| TASK BRIEF |
From the first line below to the last, reproduce the material exactly and leave out the images.

| DATA PROVIDED |
+++++
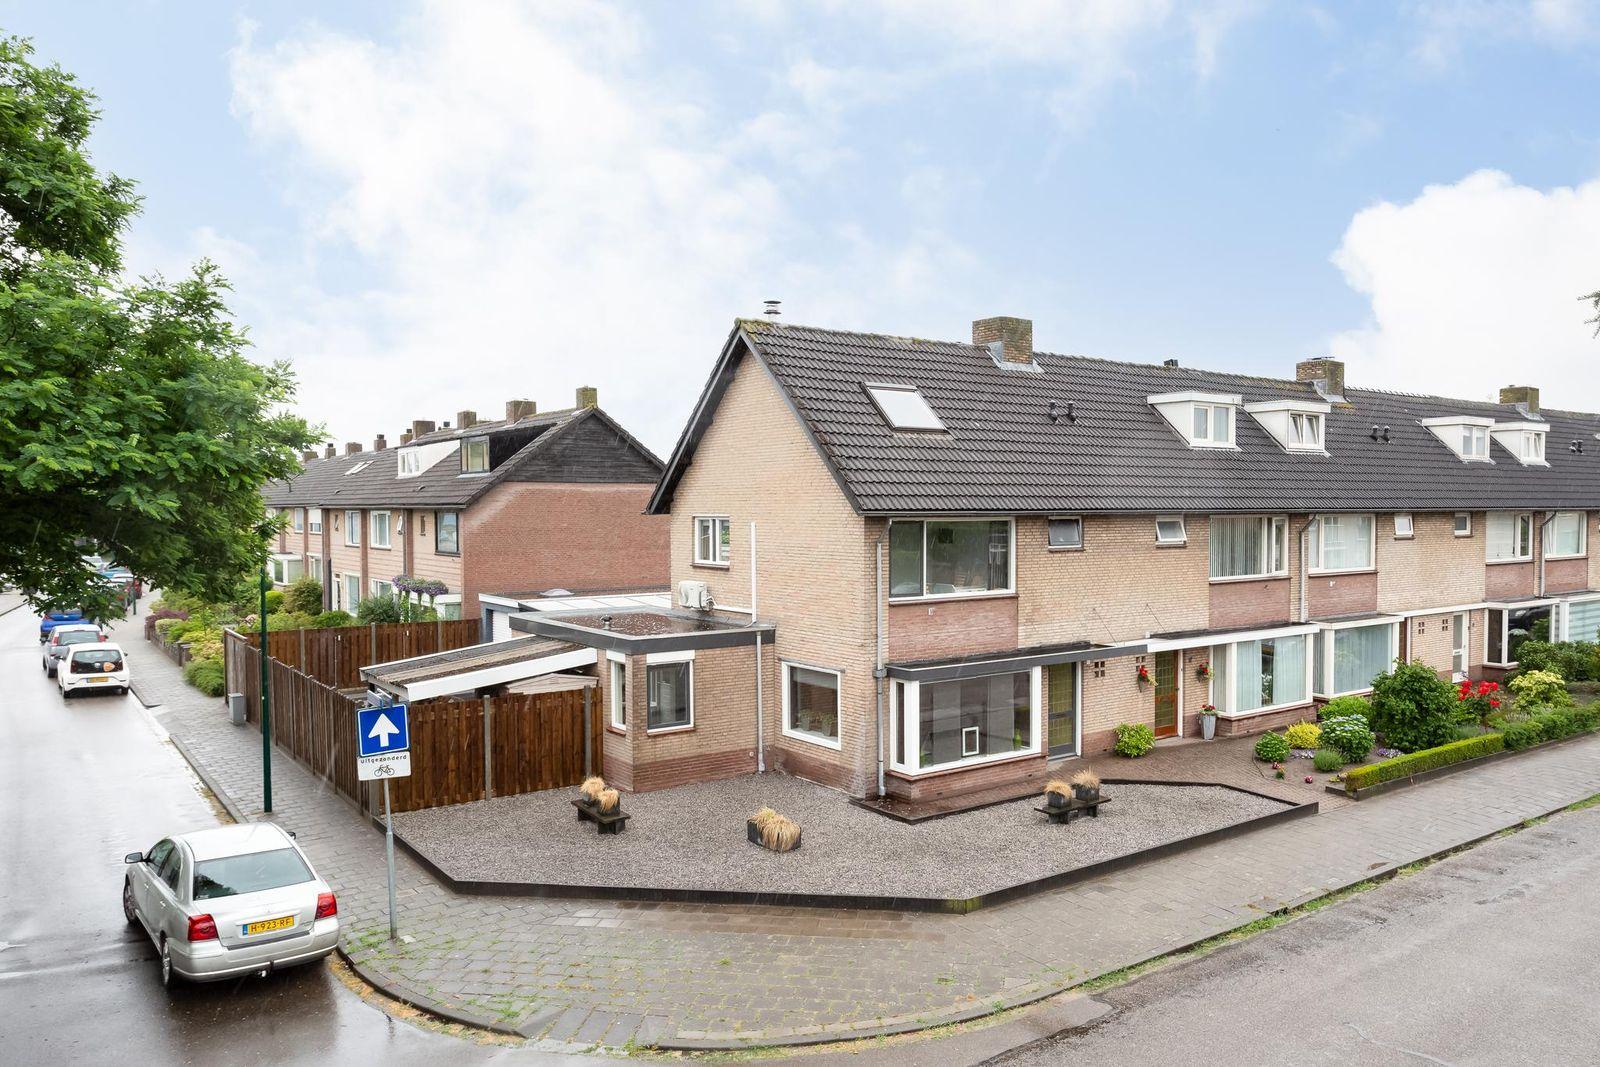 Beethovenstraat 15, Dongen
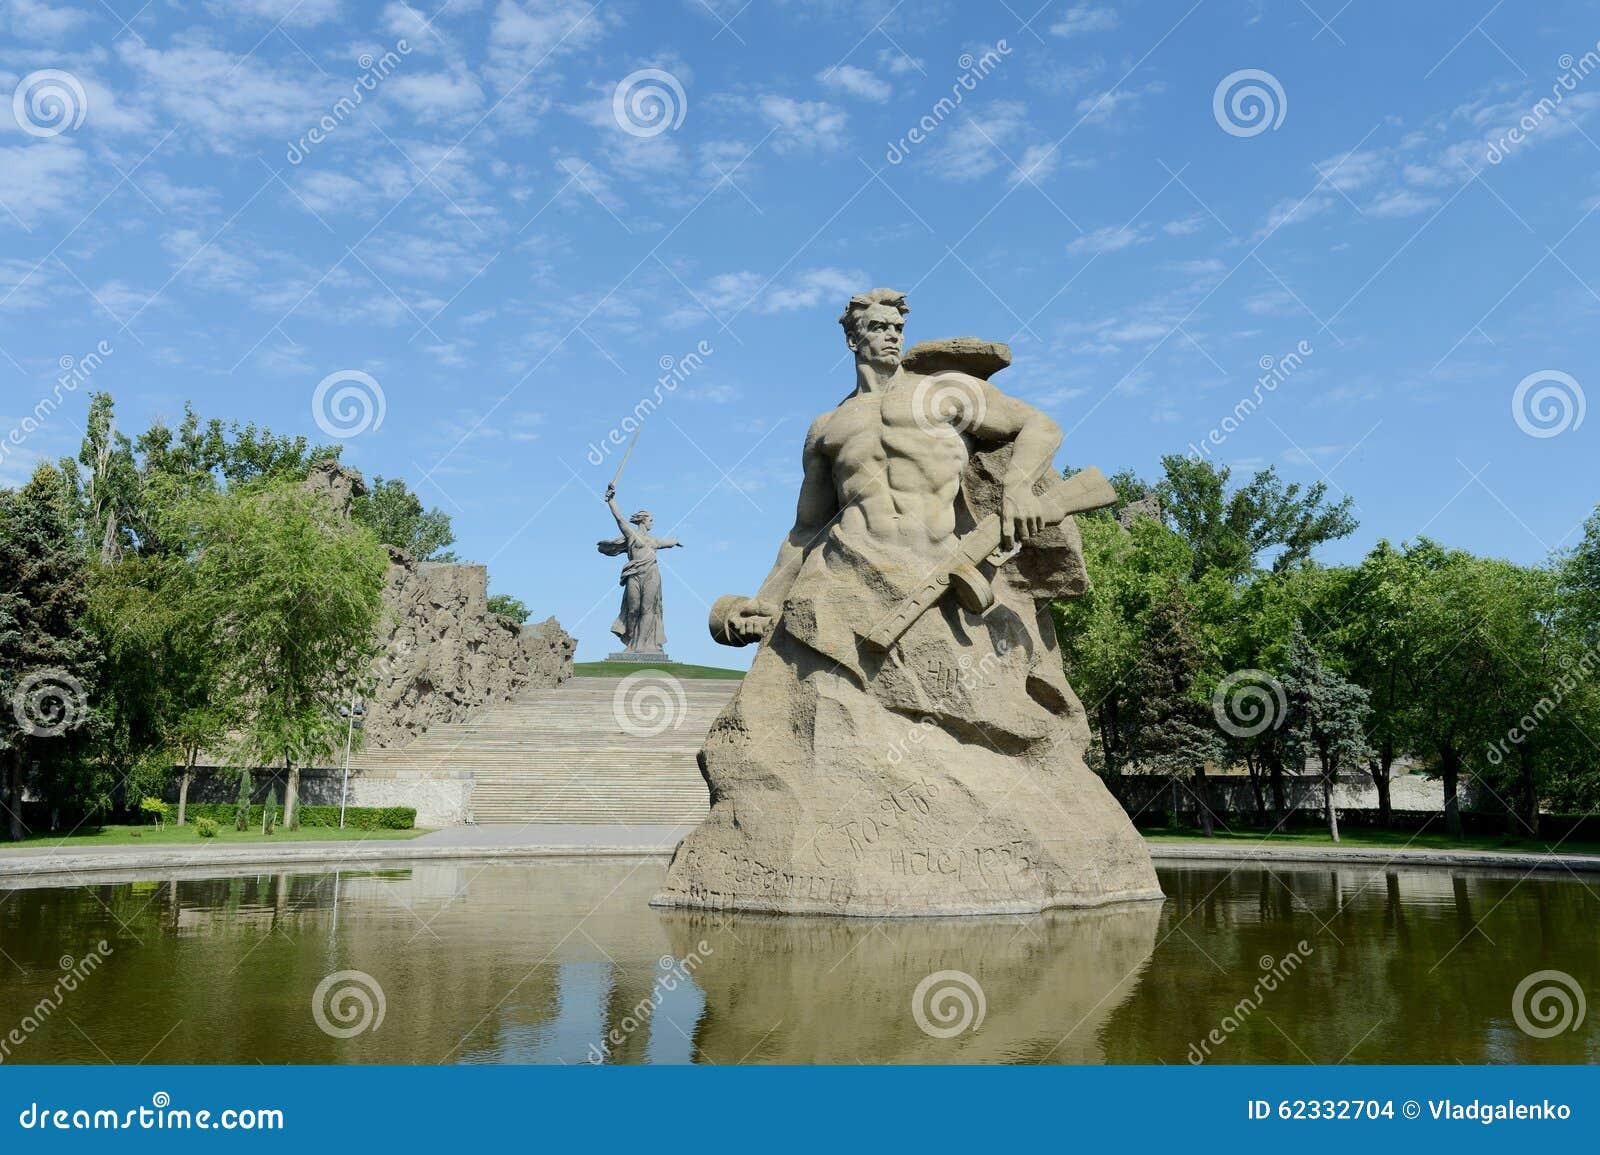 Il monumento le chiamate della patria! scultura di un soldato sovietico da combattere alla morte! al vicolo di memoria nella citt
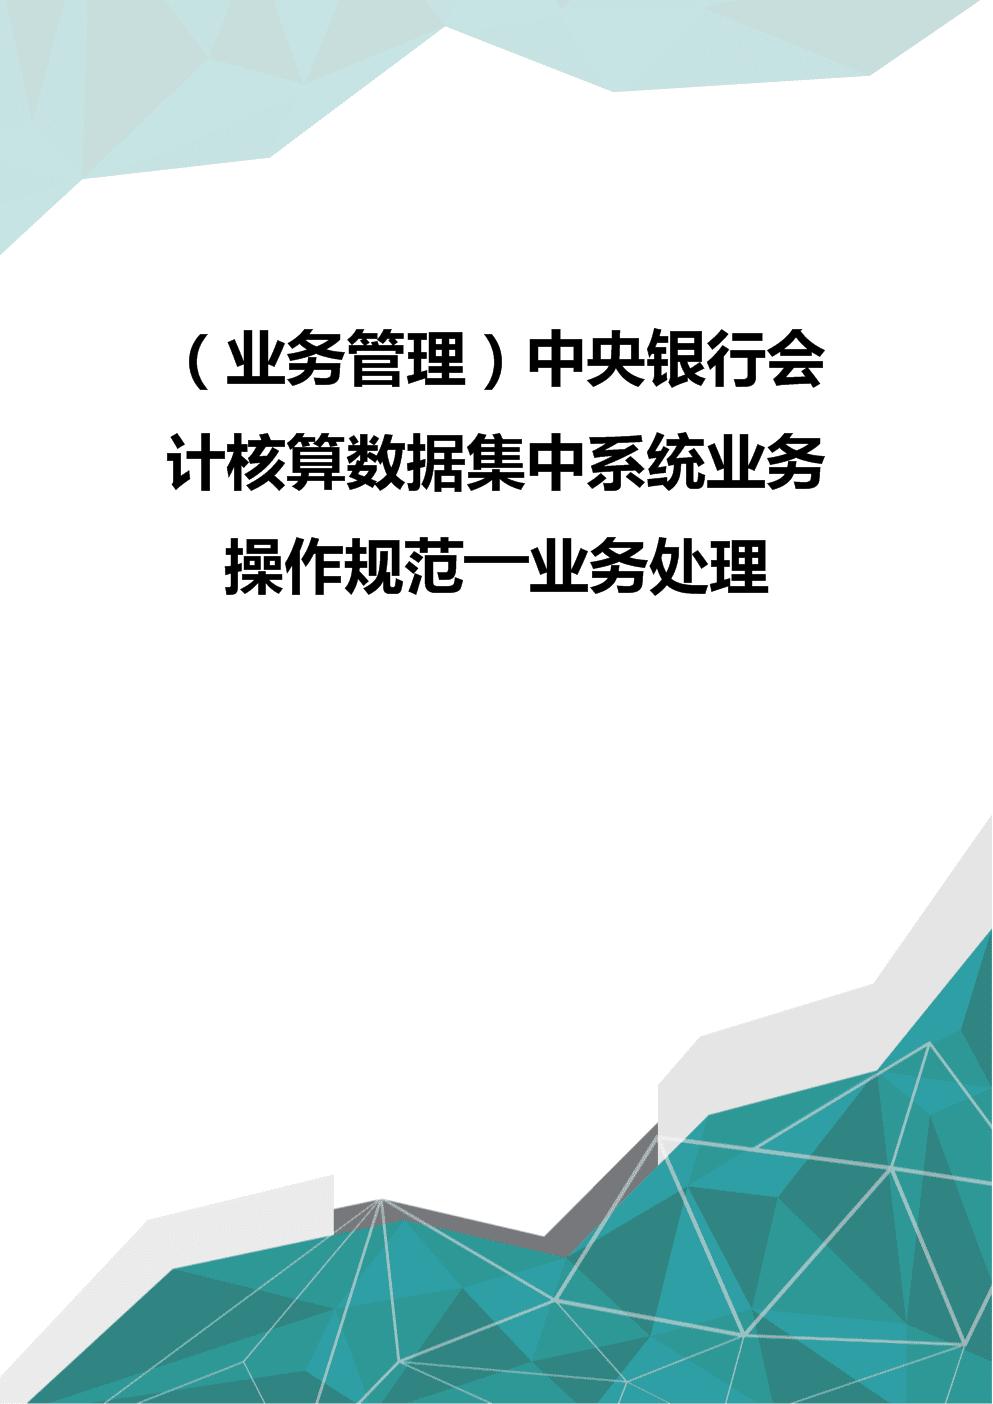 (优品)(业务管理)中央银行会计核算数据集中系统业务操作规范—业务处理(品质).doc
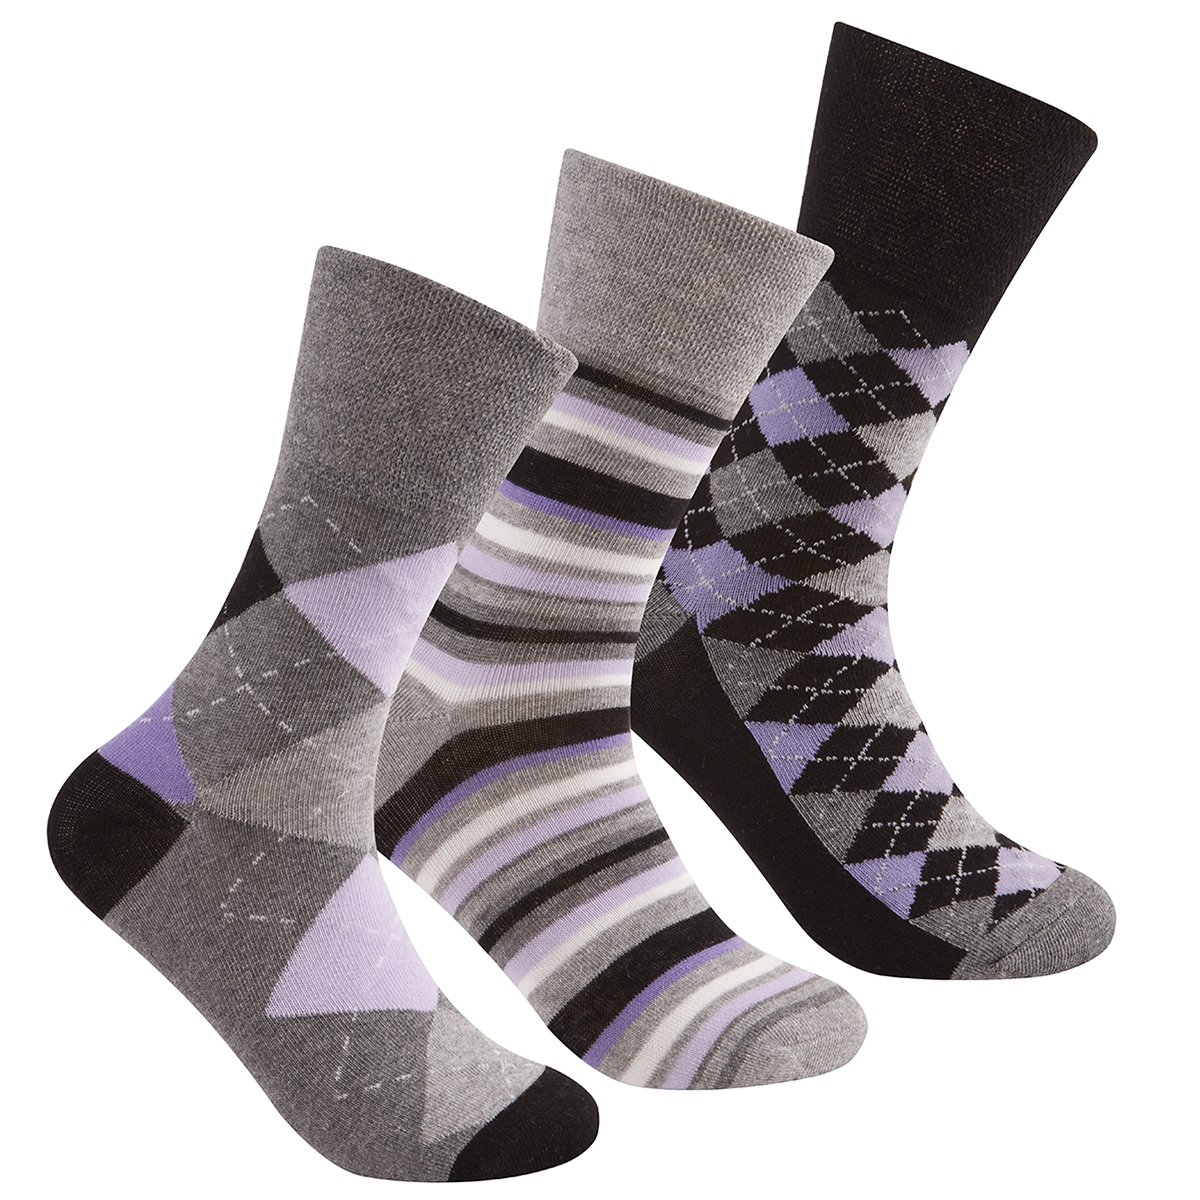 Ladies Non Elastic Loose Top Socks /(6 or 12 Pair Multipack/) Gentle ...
+++++
| EXERCISE OUTPUT |
 Beethovenstraat 15, Dongen
 Il monumento le chiamate della patria! scultura di un soldato sovietico da combattere alla morte! al vicolo di memoria nella citt
 (优品)(业务管理)中央银行会计核算数据集中系统业务操作规范—业务处理(品质).doc
 Ladies Non Elastic Loose Top Socks /(6 or 12 Pair Multipack/) Gentle ...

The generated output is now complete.